# Flotow Martha: German vs Italian



## SixFootScowl (Oct 17, 2011)

I think with Martha that Flotow wrote the opera in German, then did an Italian and even English version, if not others. Note, I understand the English version with Victoria de Los Angeles is not Flotow's translation, but a bastardized translation that plays more like a G&S opera than Flotow IMO.

Anyway, they seem to be significantly different, which may explain why I don't like the Italian version on CD, But I recently bought an aria set of Doris Soffel who sings a piece from the Italian version of Martha (Marta in Italian). Help me out here. I have the Doris Soffel aria, and think it is Nancy's aria (though very unrecognisable but for some musical similarities). Please tell me if I am right. Here is Soffel with the Italian and Fassbaender with the German for your comparison purposes. If I am wrong, please, if you have the time, find the correct corresponding aria in the German set so I can "set" my mind at ease.

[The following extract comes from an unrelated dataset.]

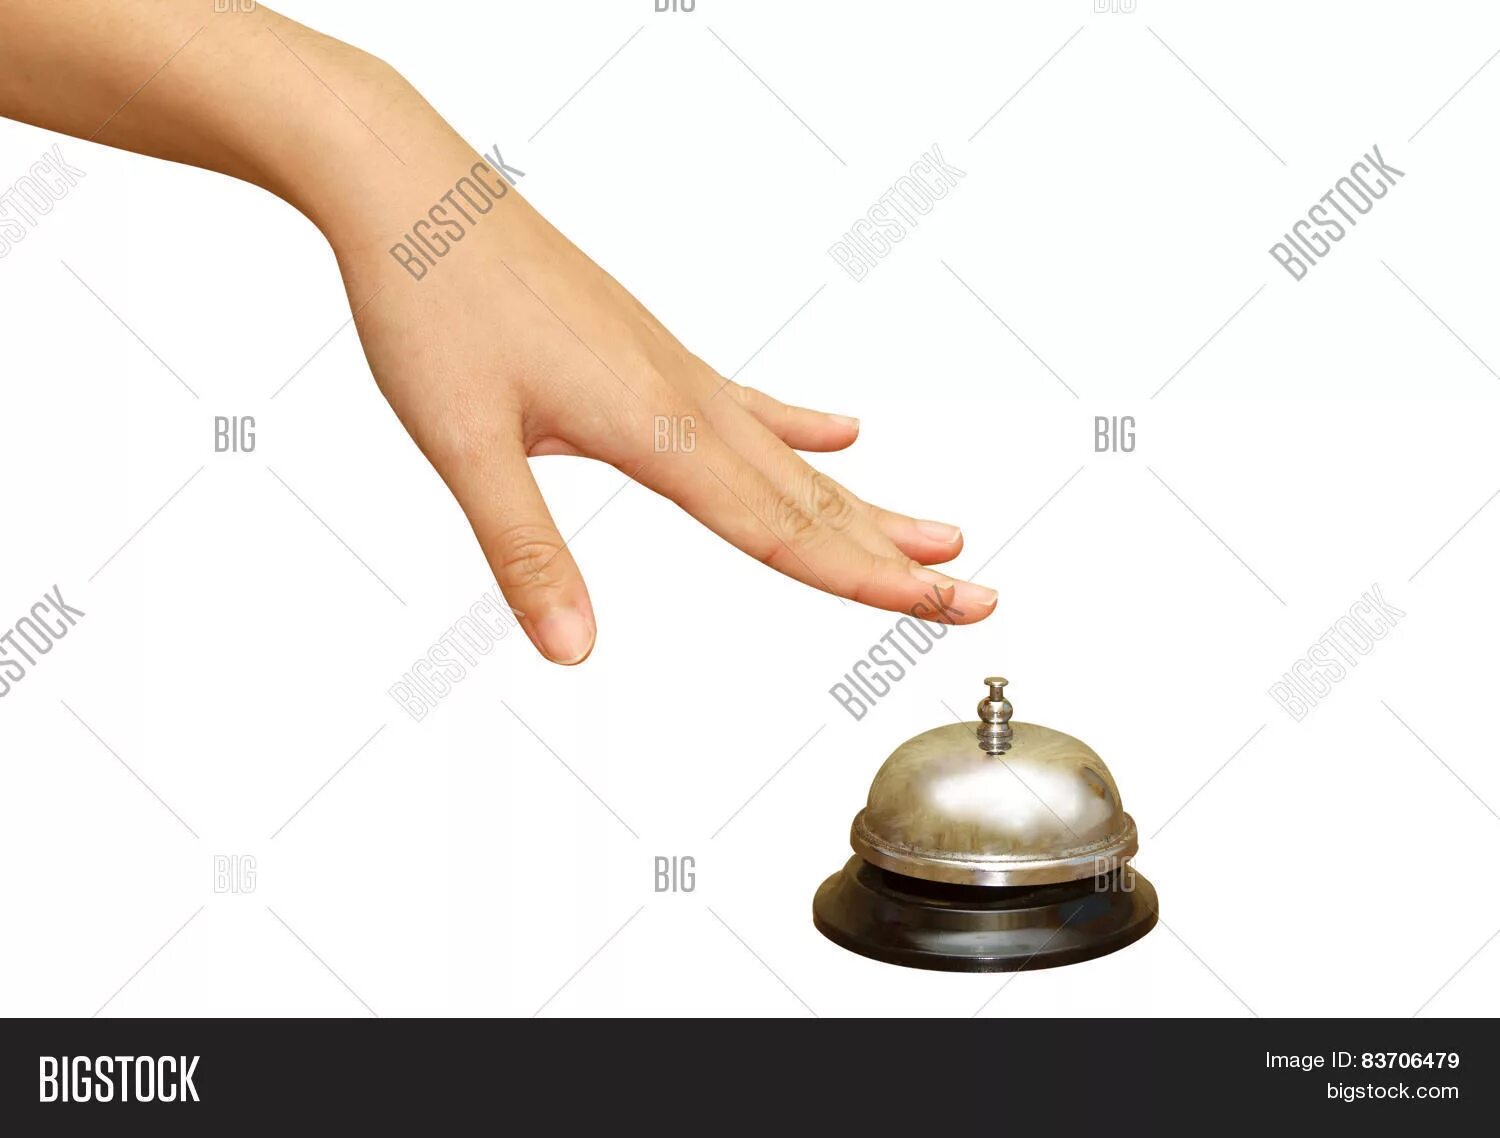 Звон в руках. Колокольчик в руке картинки. Рука держит клош. Рука нажимает на звонок. Женская рука с шариком.

Another thing so long as I have your attention: Why does Doris Soffel's voice remind me of Sonia Prina? I think because there is a quality or edge to the voice that they share.

Good old German Martha:





Unfamiliar Italian Marta:


----------



## SixFootScowl (Oct 17, 2011)

Whelp, I guess Martha is as obscure an opera as they say it is, or of little interest. Also, it may be that nobody really can answer my question. No matter. I will appreciate Doris Soffel in both the Italian aria from Martha but moreso in the Martha opera on disk.


----------